C’est dans ce contexte qu’arrive notre colloque, avec sa question du spirituel comme « concept opératoire ». Inscrire le spirituel transversalement dans les sciences humaines permettrait notamment de considérer l’humain dans son aspiration à plus-grand-que-lui, ce qui touche l’éthique, le rapport à l’autre, la réalisation et le dépassement de soi, le sens de l’existence, tout ce genre de choses. Cela permettrait aussi d’interroger un « nous » humain, biophile, capable de dépasser le carcan de ses intérêts égoïstes pour englober non seulement son plus-être à lui, mais celui de toute la vie sur Terre.

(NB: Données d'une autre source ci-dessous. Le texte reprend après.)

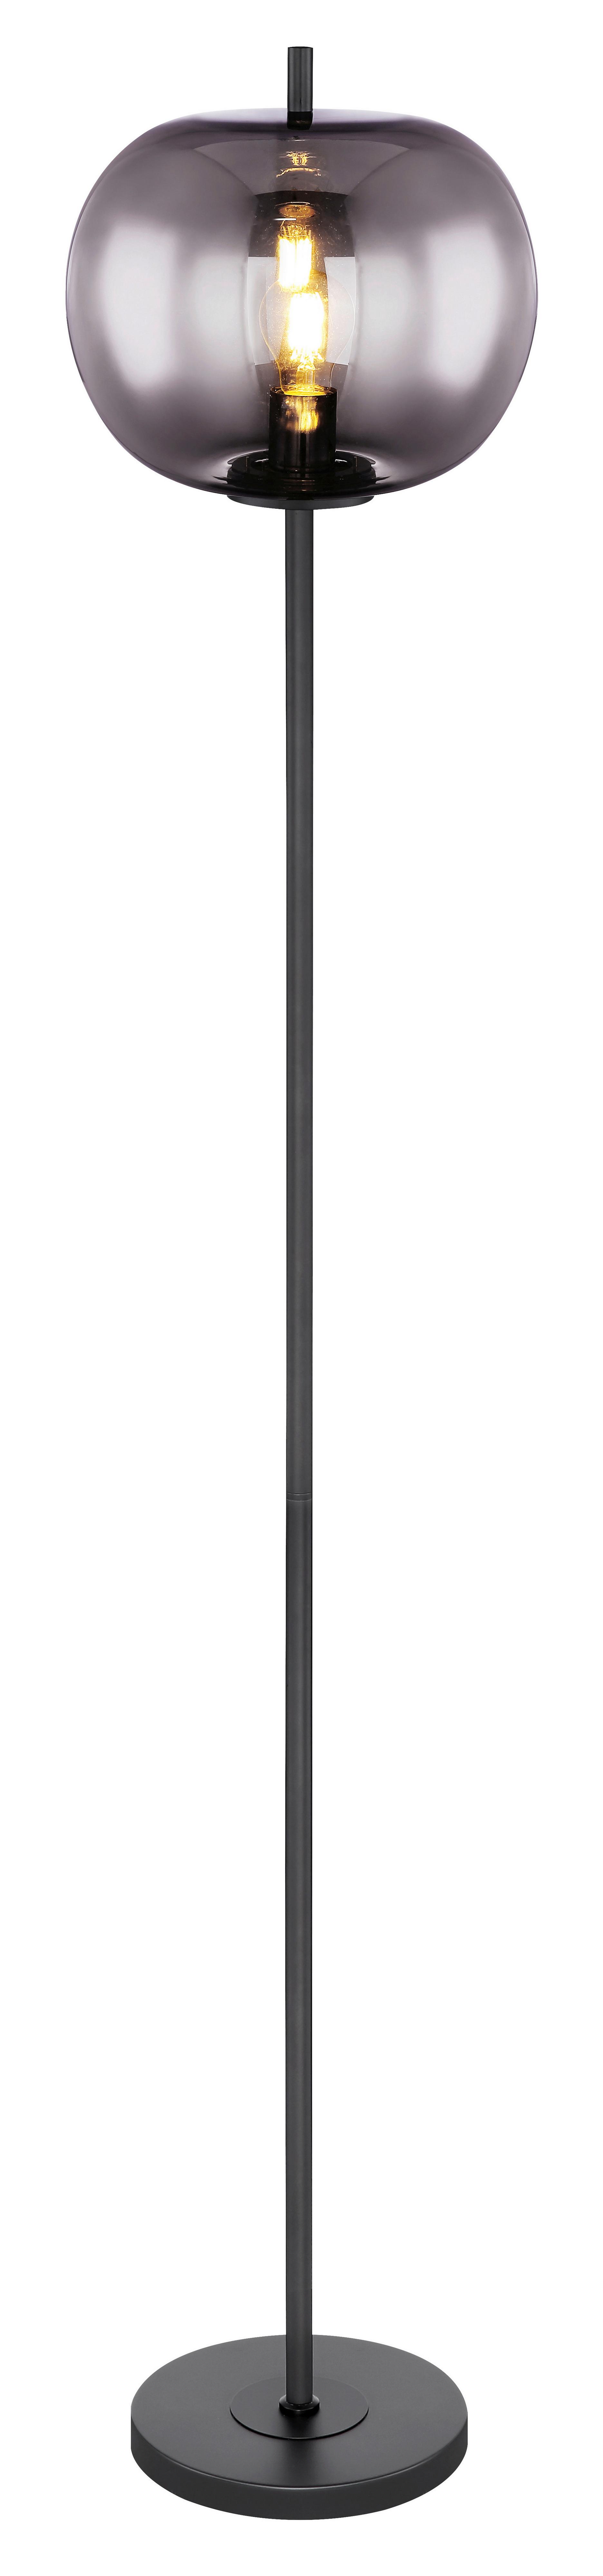 Stehleuchte Blacky in Grau max. 60 Watt - Schwarz/Grau, MODERN, Glas/Metall (30/160cm)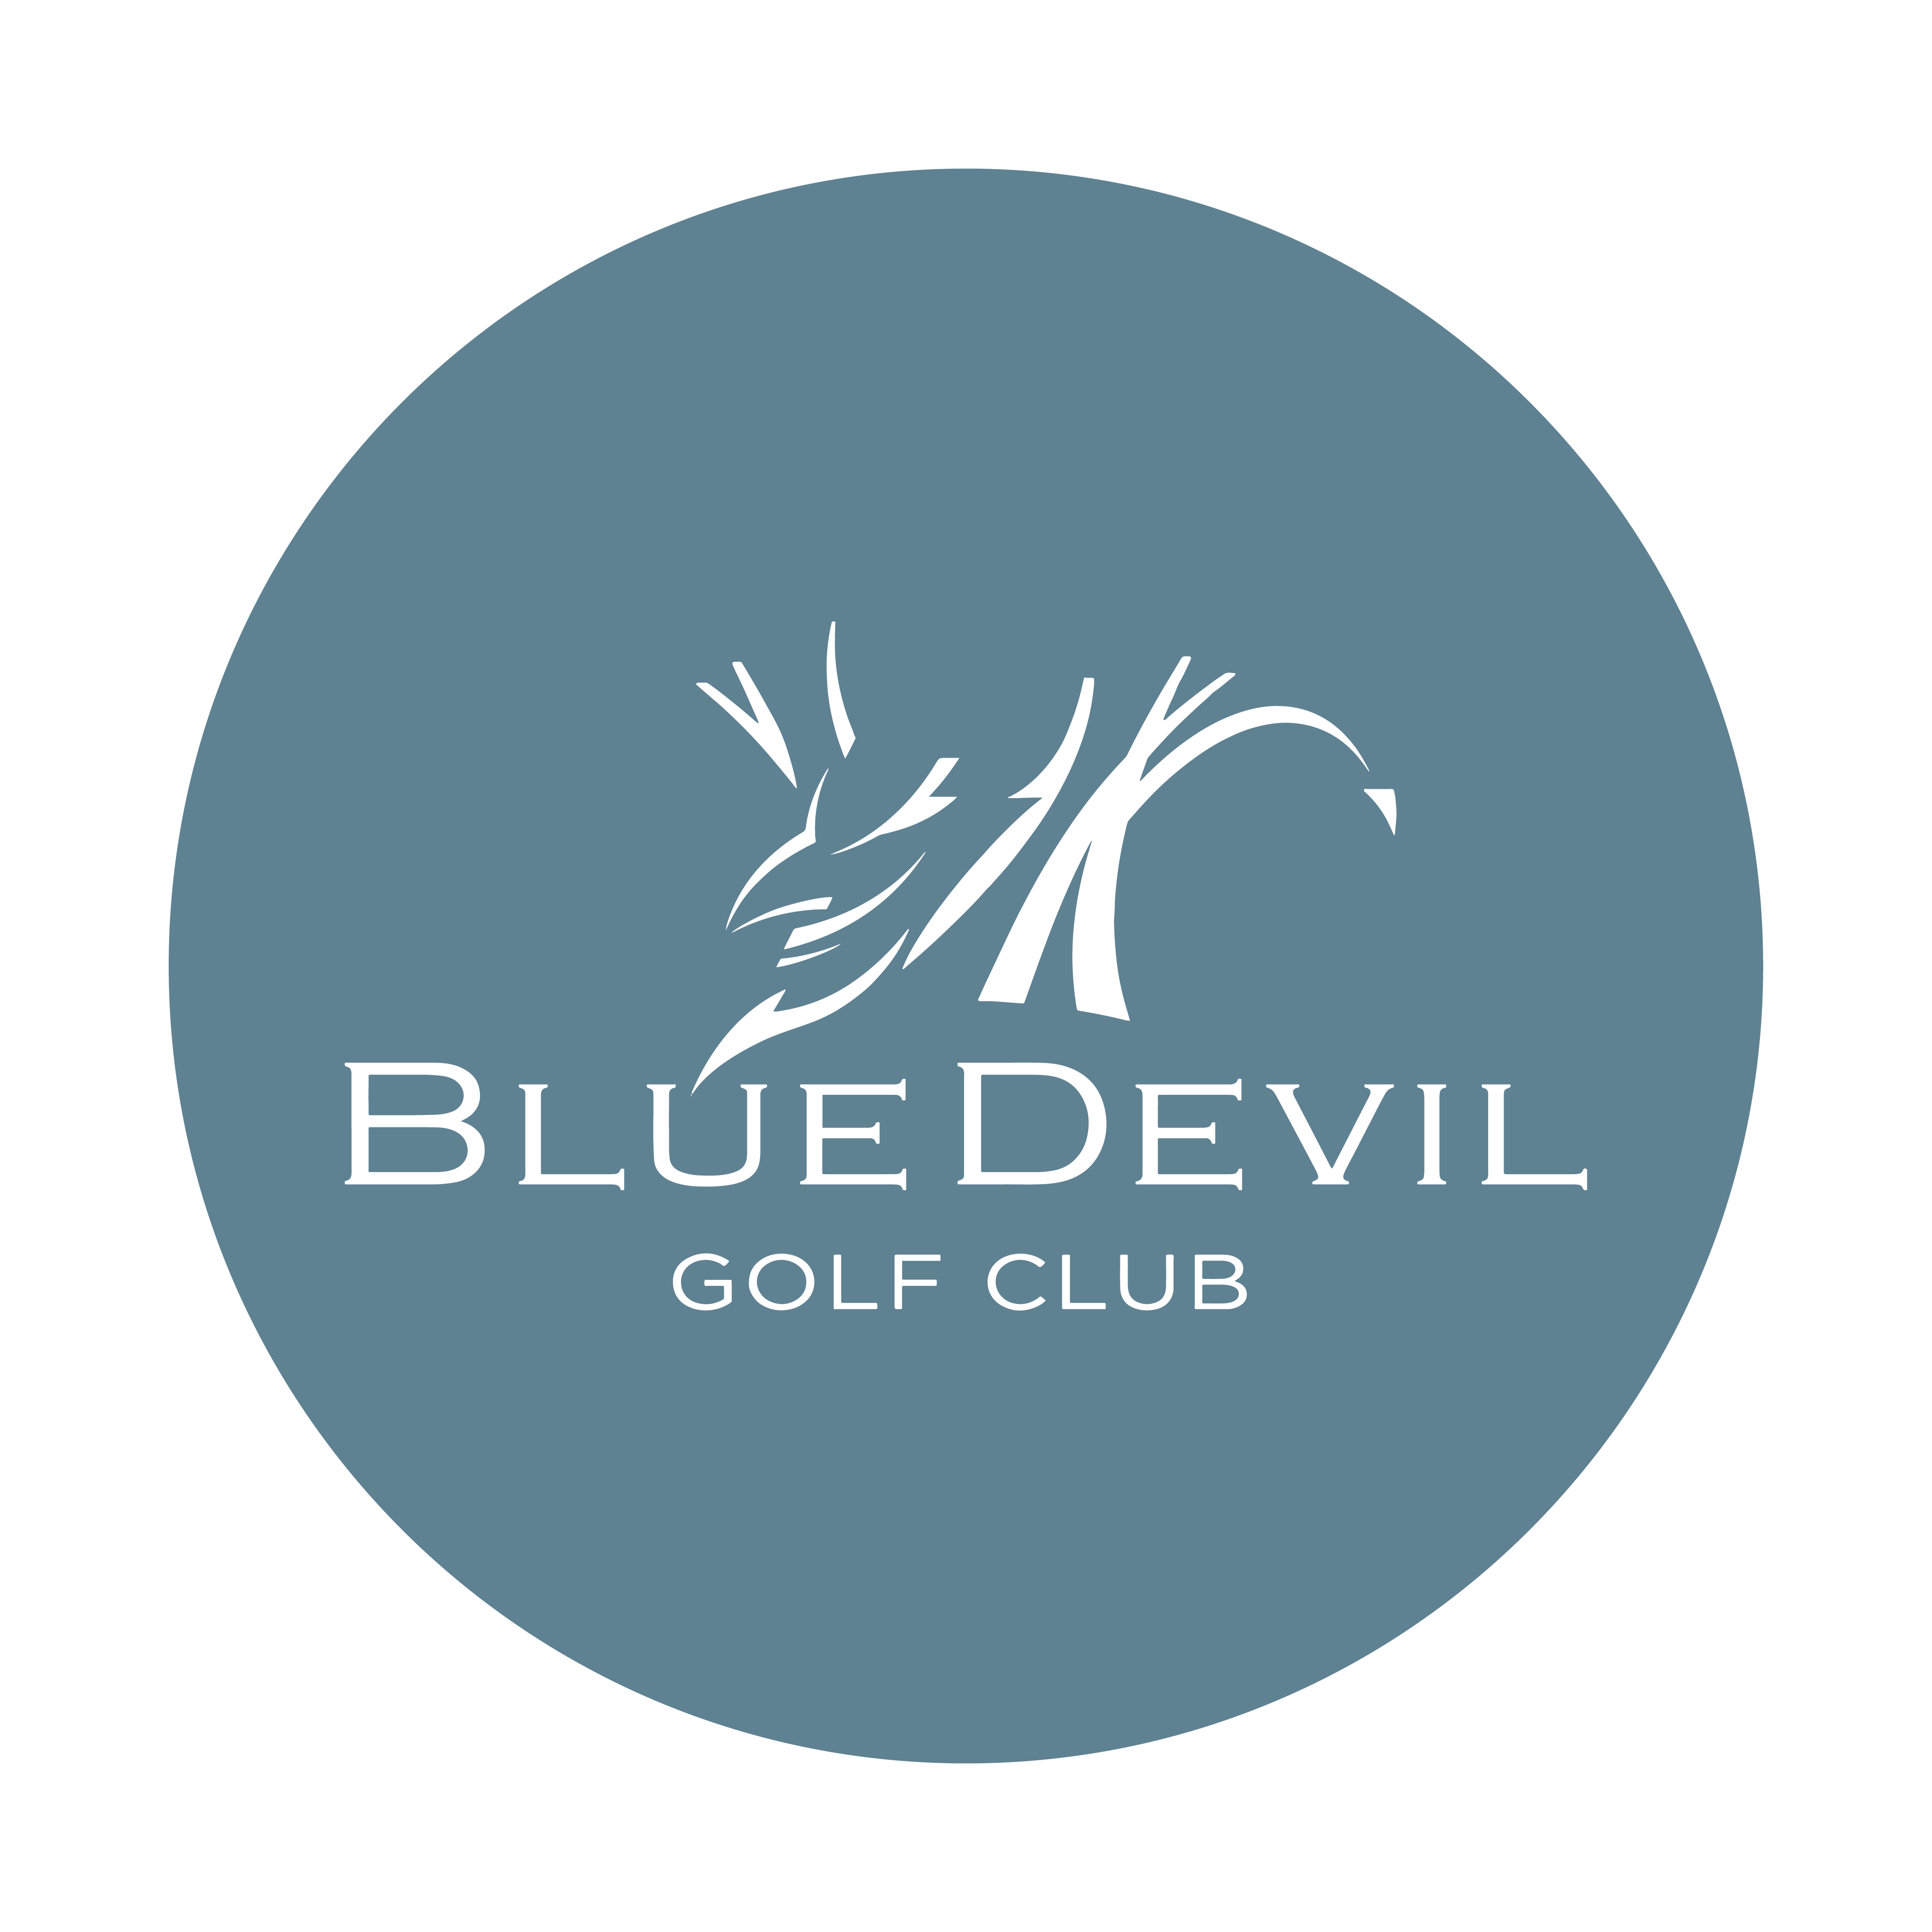 BLUE DEVIL GOLF CLUB

Une précision s’impose peut-être, ici… L’idée d’inscrire le spirituel comme dimension agissante dans la vie humaine ne signifie absolument pas la réinstallation du religieux. Le spirituel n’est pas le religieux : dans l’acception implicite du colloque, le mot nomme plutôt une réalité nouvelle, une certaine disposition de l’être qui est tout à la fois post-religieuse, transreligieuse et a-religieuse, typique d’une société laïque. Le spirituel n’est pas un credo : il n’est pas question de croire que Dieu existe ou qu’il y a une vie après la mort ou quelqu’autre « théorie » de la finalité ou des origines. Le spirituel ne s’oppose pas à la science car il n’est pas sur le même niveau, épistémologiquement parlant. C’est une disposition de l’être, une attitude existentielle, une certaine façon de vivre sa vie : chercher un sens, vouloir vivre une vie bonne et juste, vouloir accomplir les potentiels élevés dont on a l’intuition. En niant cette dimension spirituelle à notre être, nous risquons, comme c’est d’ailleurs le cas de tellement de gens, de nous sentir victimes des circonstances, de traiter nos états psychiques comme de simples fluctuations biochimiques à rééquilibrer par des molécules, d’en venir à considérer les valeurs de liberté, de courage, d’altruisme, de dépassement de soi, de bien collectif, comme d’impossibles idéaux ou de regrettables illusions.

L’idée de Rennes est de générer une compréhension des objets d’études des sciences humaines qui nous permettrait de les penser autrement. Dans l’appel à communications, on a évoqué le spirituel par des phrases-phares telles que « penser l’humain au-delà de sa matérialité » et « nommer ce qui déborde les positivités de l’existence ». Par exemple, si on envisageait l’humain dans ses capacités altruistes, animé d’un mouvement de dépassement de soi, inspiré par des valeurs élevées, capable de trouver du sens dans sa vie et dans ses malheurs, c’est cela qu’on étudierait. Si on pouvait voir autre chose dans la société qu’une simple agrégation de groupes d’intérêts en compétition les uns contre les autres, comme nous le suggère la médiocrité ambiante, c’est la vie démocratique qui changerait.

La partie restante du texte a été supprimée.